Kekecewaan mendalam Brasil akan para seniman bolanya ini mungkin karena mereka terlalu berharap tinggi. Brasil kala itu ingin sekali mencicipi Piala Dunia yang pertama kalinya. Apalagi sebelum piala dunia Ademir dan Seleccao 1950 tampil begitu perkasa. Mereka bermain di kandang sendiri dengan modal gelar juara Copa America setahun sebelumnya. Kedigdayaan Samba pada babak penyisihan dilanjutkan di final round dengan menang besar atas Swedia (7-1) dan Spanyol (6-1).

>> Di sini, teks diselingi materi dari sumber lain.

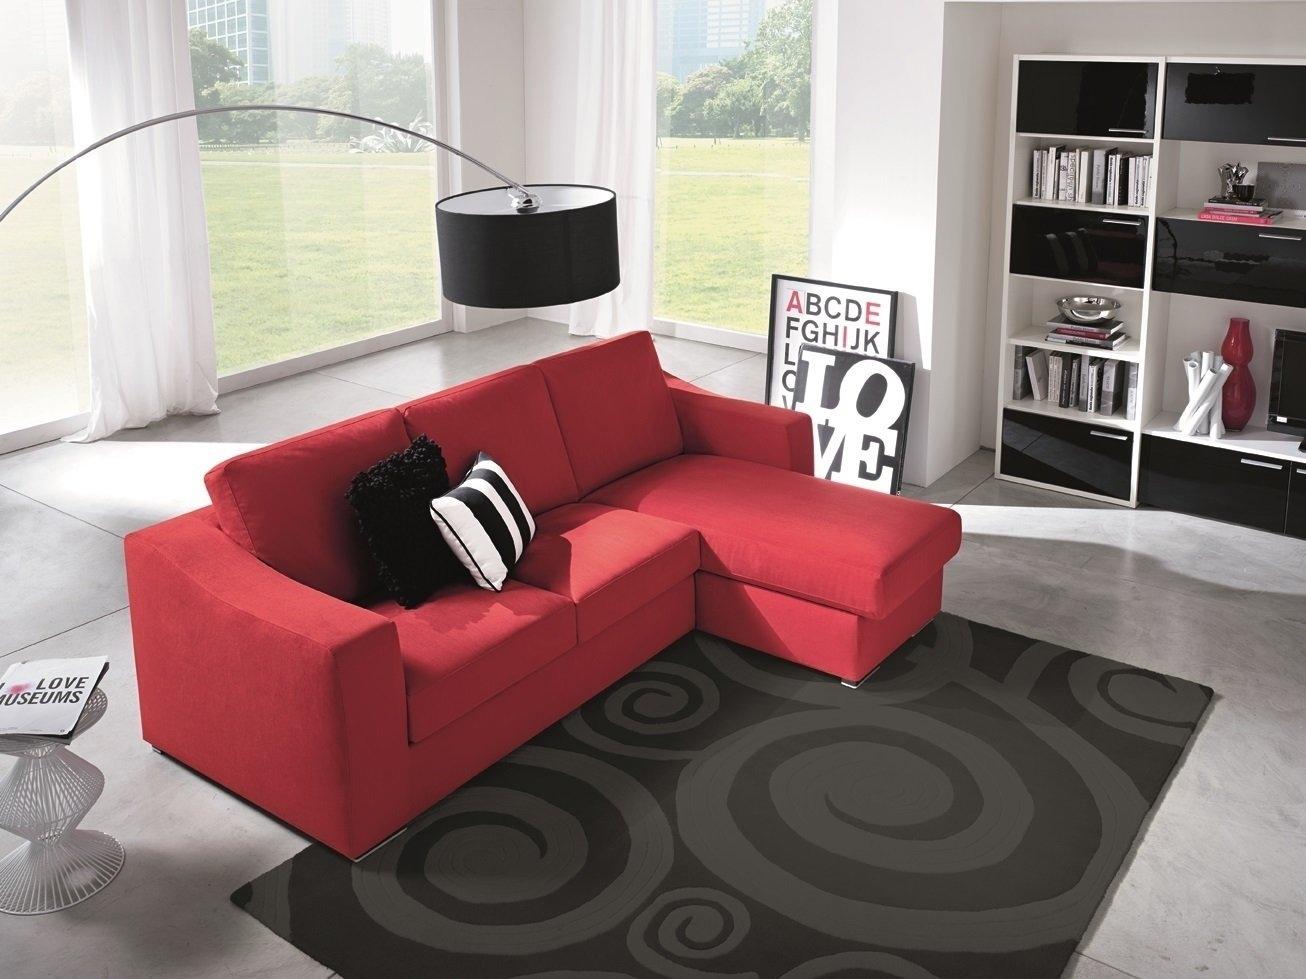 Promozioni divani eco divani a prezzi scontati for Divani promozioni

Rakyat Brasil pun kian terbuai harapan dengan fakta kalau timnya hanya butuh hasil imbang dari Uruguay untuk menjadi juara Piala Dunia pertama kalinya. Tapi, rakyat Brasil tak pernah sadar bahwa ekspektasi pada Seleccao-nya terlalu ‘sundul langit’. Dan, itu menyakitkan kala akhirnya “Si Biru Langit” lah yang menjatuhkan mereka dari ketinggian. Jatuh jauh dari prediksi yang diharapkan.

Sampai Akhir Hayat

Seiring waktu berjalan, nama Ademir pun bergeser dari yang sengaja dilupakan menjadi sedikit manusiawi; terlupakan. Adalah Pele dan Garrincha yang membuat nama Ademir menjadi terlupakan. Luka rakyat Brasil selama delapan tahun terobati berkat keduanya. Gocekan Pele dan Garrincha mengantarkan gelar Piala Dunia 1958 dan 1962, dan nama Ademir dkk tenggelam dalam kesuksesan itu.

Keperkasaan Brasil di sepakbola pun lambat laun berbanding lurus dengan terlupakannya Ademir. Pele lah yang kemudian disebut selalu, legenda nomor satu dan role model dari para calon bintang sepakbola Brasil. Tengok saja Zico yang kemudian melegenda dan digelari Pele Putih.
 
Ya, Zico kemudian menjadi legenda, sementara Ademir tidak. Padahal kalau ukurannya adalah torehan prestasi, Zico tak lebih baik dari Ademir. Kalau Ademir hanya sekali gagal, si Pele Putih malah nirgelar bersama Seleccao di tiga edisi Piala Dunia.

Namun, legenda tetaplah legenda. Sejarah tentangnya akan tetap ada, seberapun Brasil ingin menghapus namanya. Begitu juga dengan Si Hiu satu ini.

Semenjak 2006 lalu, atau tepatnya usai Brasil ditunjuk menjadi tuan rumah kembali, nama Ademir dan rekan-rekannya mulai muncul kembali ke permukaan. Beberapa dokumentarian mencoba menggali lebih dalam tentang skuat gagal ini. Salah satunya film dokumenter khusus tentang Ademir, Um Artilheiro No Meu Coracao (Sang Top Skor di Hatiku). Film ini sempat diputar di Brazilian Film Festival of London, Oktober 2013 lalu.



Maksud dokumentarian Brasil untuk menggali kembali sejarah sepakbolanya kali ini cukup bijak. Mereka hanya ingin rakyat Brasil belajar dari kekalahan dan kegagalan, dan tidak lagi membebankan ekspektasi berlebihan yang dipasang pada Seleccao di 2014 ini. Mereka tak ingin Neymar cs harus dilupakan atau terlupakan seperti Ademir.